Lens antennas can be light weight, which for portable ham radio microwave stuff is an advantage. But they've never been terribly popular given the scale even worse than dishes with size. Oh well.
(Score: 3, Informative) by Dr Spin on Thursday July 12 2018, @07:16PM (1 child)
Its a shame that the article was not as well written as this post.
Warning: Opening your mouth may invalidate your brain!
(Score: 2, Funny) by Ethanol-fueled on Friday July 13 2018, @01:05AM
Agreed. I cannot tell whether or not either are trolling.
(Score: 1) by Ethanol-fueled on Friday July 13 2018, @12:57AM (2 children)
Only 3dB? That's a really small number to care about, It reminds me of people who used to overclock their processors to the ultrasound-screaming point just to play doom 500ms more quickly.
3dB is such a small number that nobody notices or cares about the drop. Especially when you have a bitchin' stereo that can crank out 120dB no problem. Would you notice if your processor clock was 3Hz slower?
(Score: 3, Informative) by Immerman on Friday July 13 2018, @03:01AM
What are you talking about? A 3db difference equates to a doubling or halving in power. Doubling or halving a quantity is fairly significant in most contexts.
(Score: 2) by VLM on Friday July 13 2018, @01:02PM
Its a big deal if you're doing moon bounce or some stuff like that and your SNR is like 2 dB above the decoding threshold.
Also its much like weak signal VHF work, I'm too lazy to quote the math but based on area and SNR contours the "vast majority" of your contacts doing weak signal work will be at low SNRs. A bigger antenna means more contacts but the ratio of SNRs will be unchanged.
Its a money thing... You pay a lot of money as a ham for a large dish, and the scaling is pretty scary, so buying a smaller dish and a better feed saves a lot of money overall, unless the better feed is made of solid gold or something.
Finally the mobile ham radio guys have a hard criteria for "van people" of 4 feet or whatever fits in the car, so you're competing against a guy with 3dB better SNR because he has a better feed, he's going to smoke you in the scores.
Its a similar issue for land microwave for legacy telcos and whatever... you can buy a more expensive feed that weighs nothing, but if you have a thousand pound dish and want 3 dB more gain thats gonna cost a lot of money in the weight of the dish and the weight and size of the tower, much cheaper to "max out" the quality of the feed, then increase antenna size.
A final issue is sidelobes and interference, over-illuminating a dish or having an awful feed in general is the same as pointing the antenna at a noise source.

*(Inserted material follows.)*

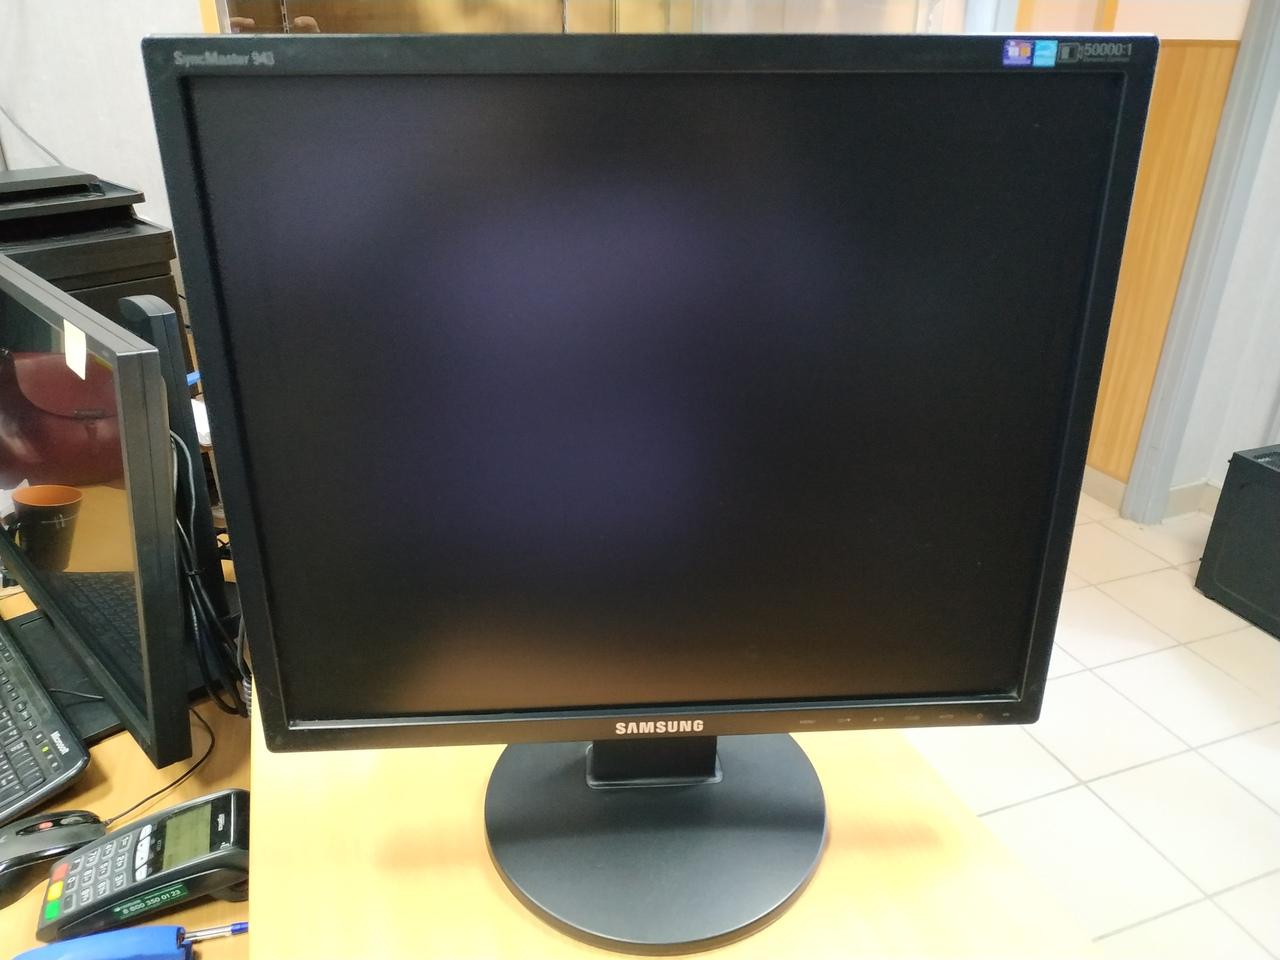 монитор Samsung SyncMaster 943N | фото 1 из 1

This is fun with satellites, what is up with this interference?
(Score: 2) by bitstream on Thursday July 12 2018, @08:00PM (2 children)
Now we only need of the shelf transmitters and receivers. And some transistors.
Bundled with 3D printing, maybe some fun can be had.
(Score: 1) by Ethanol-fueled on Friday July 13 2018, @01:03AM (1 child)
The easiest way you're gonna play with Terrahertz is to buy a Cisco (or cheap-shit Akamai) server with multi-mode optical connections, some fiber, and perhaps a MEMS attenuator, possibly an amp, and some diffraction gratings. Bonus stage: look into the opposite end of the fiber after full amplification.
(Score: 2) by bitstream on Saturday July 14 2018, @05:31PM
Ie heterodyne operation? But I think that would be pretty inefficient. Better to get the real stuff, ie devices capable of switching in the THz range.
Some laser pointers use special crystals to get shorter wavelength. Some bad (dangerous) won't filter the unwanted wavelengths out.